The gold miners’ strong Q3’16 operating results argue that their stocks’ big massive-correction selloff in recent months is wildly overdone. The elite gold juniors of GDXJ have seen far-better earnings growth this year than almost every other sector in all the stock markets, only exceeded by the gold majors. So instead of wallowing in fear, investors and speculators should be looking to aggressively buy the juniors low.
That’s despite gold faring much worse in Q4 than it did in Q3. Quarter-to-date, the average gold price has fallen 6.2% to $1251 per ounce. And that indeed virtually assures the junior gold miners’ fundamentals won’t look as good this quarter as they did last quarter. Regardless, the juniors’ costs are so far under even current prevailing gold prices that they are still going to do fine. They will easily ride out this gold swoon.
Let’s assume the gold juniors’ AISCs don’t improve in Q4, staying at $911 per ounce. It’s actually highly likely they will improve substantially in Q4 as those Q3 production shortfalls at some GDXJ components reverse. So steady costs are conservative. On top of that, assume gold doesn’t bounce in Q4 which is unlikely after such extreme gold-futures selling. Thus gold’s current QTD average of $1251 will hold strong.
This implies the GDXJ junior gold miners will still earn an impressive $340 per ounce in the current dark Q4! While indeed down 19.7% from Q3’s levels, that still represents hefty 27% operating margins. These are very high by almost every other industry’s standards. And when gold inevitably bounces after the heavy futures selling passes as always, the operating profitability of the juniors will again leverage gold’s gains.
Considering the junior-gold sector as represented by GDXJ has plunged 35% at worst in recent months on a likely quarterly-profits drop around just half that, the selling is excessive. It never had anything to do with fundamentals, which remain very strong. The entire massive correction was a sentiment thing, investors and speculators succumbing to their own fear and rushing to sell low instead of acting rationally.
Gold won’t linger near these lows for long, which means neither will the junior gold stocks. Gold tends to be an anti-stock trade. Futures speculators jettisoned gold like crazy since the election because the stock markets and US dollar were both soaring on surprise euphoria after Trump’s win. But when the hard challenges of changing things crush the fantasy, stock markets will roll over again and gold will return to favor.
While investors can certainly buy GDXJ to ride the coming enormous profits growth in the junior miners as gold rebounds, I’ve long preferred handpicking individual stocks. GDXJ suffers from serious over-diversification, which really retards its ultimate potential gains. The best juniors with superior fundamentals will trounce GDXJ, which is why I’d much rather own the best individual stocks and forgo the rest.

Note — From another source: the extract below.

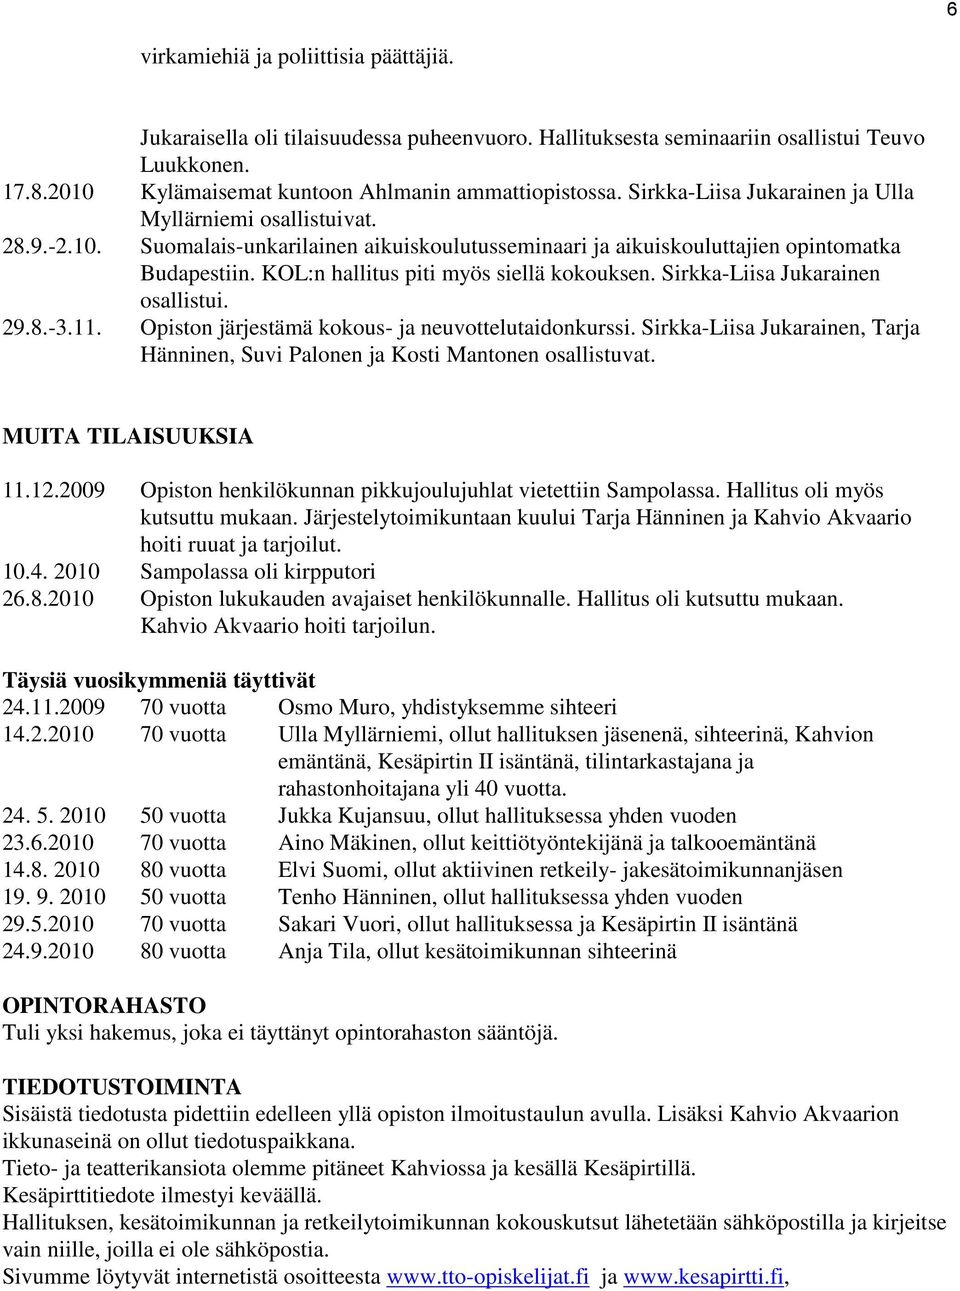 KOL:n hallitus piti myös siellä kokouksen. Sirkka-Liisa Jukarainen osallistui. 29.8.-3.11. Opiston järjestämä kokous- ja neuvottelutaidonkurssi.

The junior gold miners’ fundamentals in recently-reported Q3’16 were very strong and bullish. Despite higher all-in sustaining costs, the higher gold prices still led to improving operating cash flows and exploding accounting profitability. This year the gold juniors have enjoyed a truly amazing fundamental transformation. And it is only just starting like gold’s young bull market, which will soon return.
But unfortunately today most investors and speculators aren’t paying attention to the gold juniors’ strong fundamentals. Instead they are all wrapped up in the fearful prevailing sentiment. That’s a big mistake as always. While the gold juniors’ operating profitability will indeed decrease in Q4 if gold prices stay low, gold’s bull is far from over. When it starts powering higher again on weaker stock markets, juniors will soar.